Dividing observed entries by their variance in univariate linear regression

19 Views Asked by At

Suppose I have two random variables $X,Y$ with corresponding observations$(x_1,y_1), \ldots (x_n,y_n)$. Then for linear regression $y=ax+b$ I know that $\hat{a} = \bar{y}-\hat{b}\bar{x}$ and that $\hat{b} = \frac{\sigma_{xy}}{\sigma_{xx}}$.

In my machine learning textbook, the author states without proof that if we replace $x_i$ with $x_i' = \frac{x_i}{\sigma_{xx}}$, then $\hat{b} = \sigma_{x'y}$. I am having trouble seeing why this is the case, i.e that $\sigma_{xx}=\frac{1}{n}$ (?)

The denominator of $\hat{b}$ is then

$\sum_{i=1}^{n}(\frac{x_i}{\sigma_{xx}}-\bar{x})^2 = \sum_{i=1}^{n} (\frac{x_i^2}{\sigma_{xx}^2} -2 \frac{x_i}{\sigma_{xx}}\bar{x}+\bar{x}^2)$

Any insights appreciated.

1

There are 1 best solutions below

0
On BEST ANSWER

Your notation really should distinguish between sample versus population variances, but I will ignore this and use your notation.

Scaling the $x$ simply scales the slope as well.

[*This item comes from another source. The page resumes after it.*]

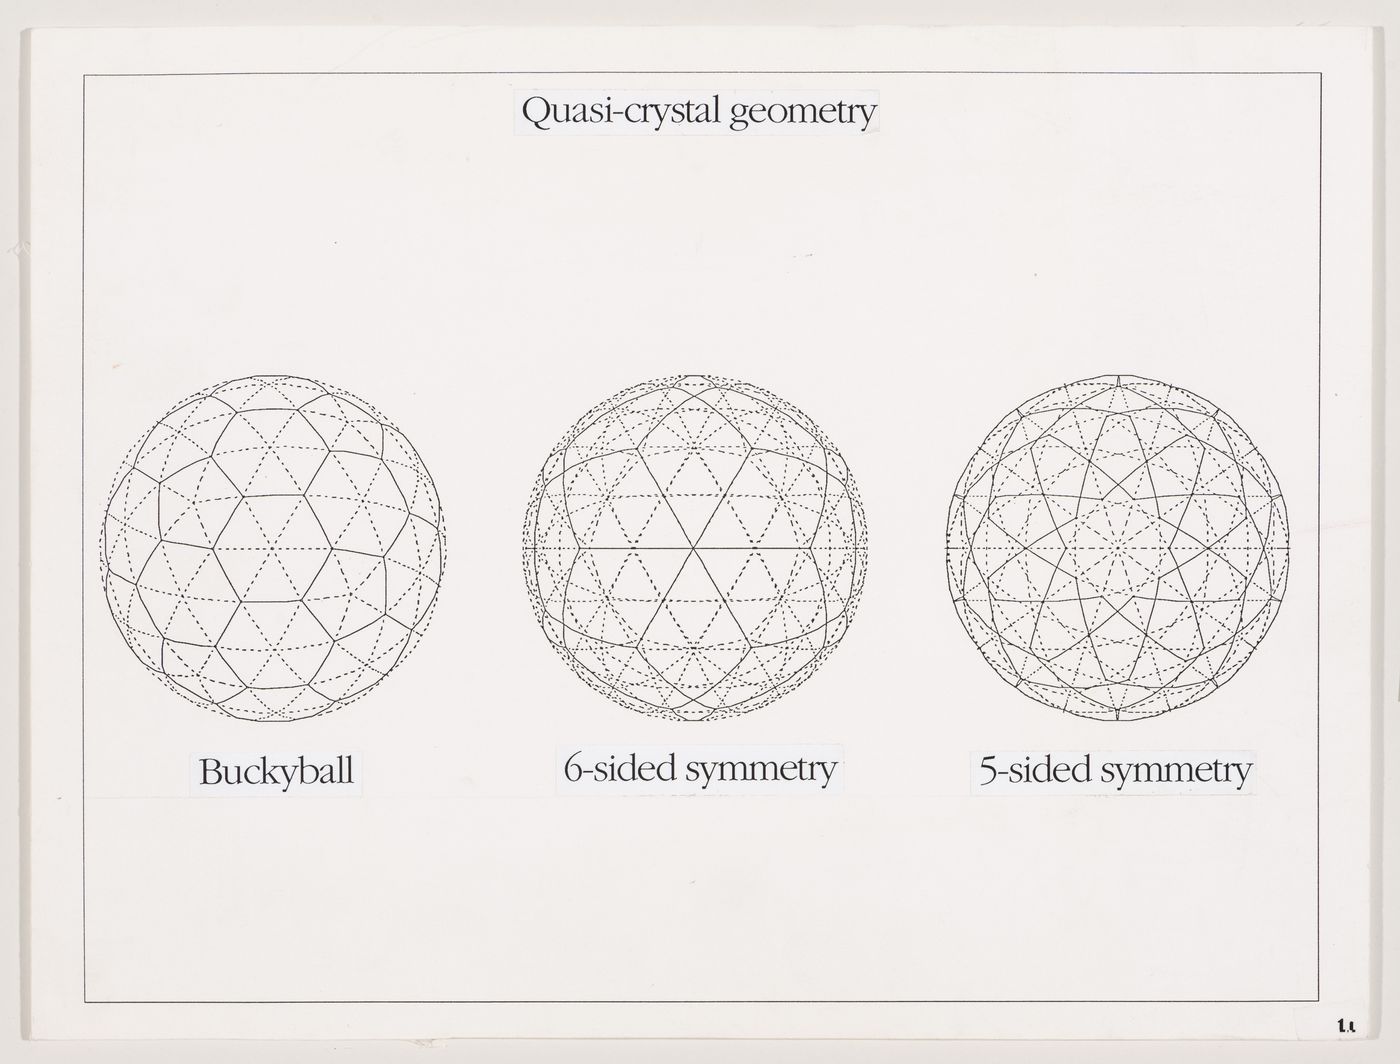 Quasi-crystal geometry

If you replaced every $x_i$ by $x_i' = x_i/2$, you'd expect the slope estimate to double. This is the basis for what is happening in the formulas.

More formally, note that $$\bar x' = \frac{1}{n} \sum_{i=1}^n x_i' = \frac{1}{n} \sum_{i=1}^n \frac{x_i}{\sigma_{xx}} = \frac{\bar x}{\sigma_{xx}}.$$ Then we can see that $$n \sigma_{x'x'} = \sum_{i=1}^n (x_i' - \bar x')^2 = \sum_{i=1}^n \frac{(x_i - \bar x)^2}{\sigma_{xx}^2} = n.$$ It immediately follows that $$\hat \beta' = \frac{\sigma_{x'y}}{\sigma_{x'x'}^2} = \sigma_{x'y}.$$ Your error is in scaling the observations, but not their mean. You must compute the sum of the squares of the form $(x_i' - \bar x')^2$, rather than $(x_i' - \bar x)^2$ which uses the wrong mean.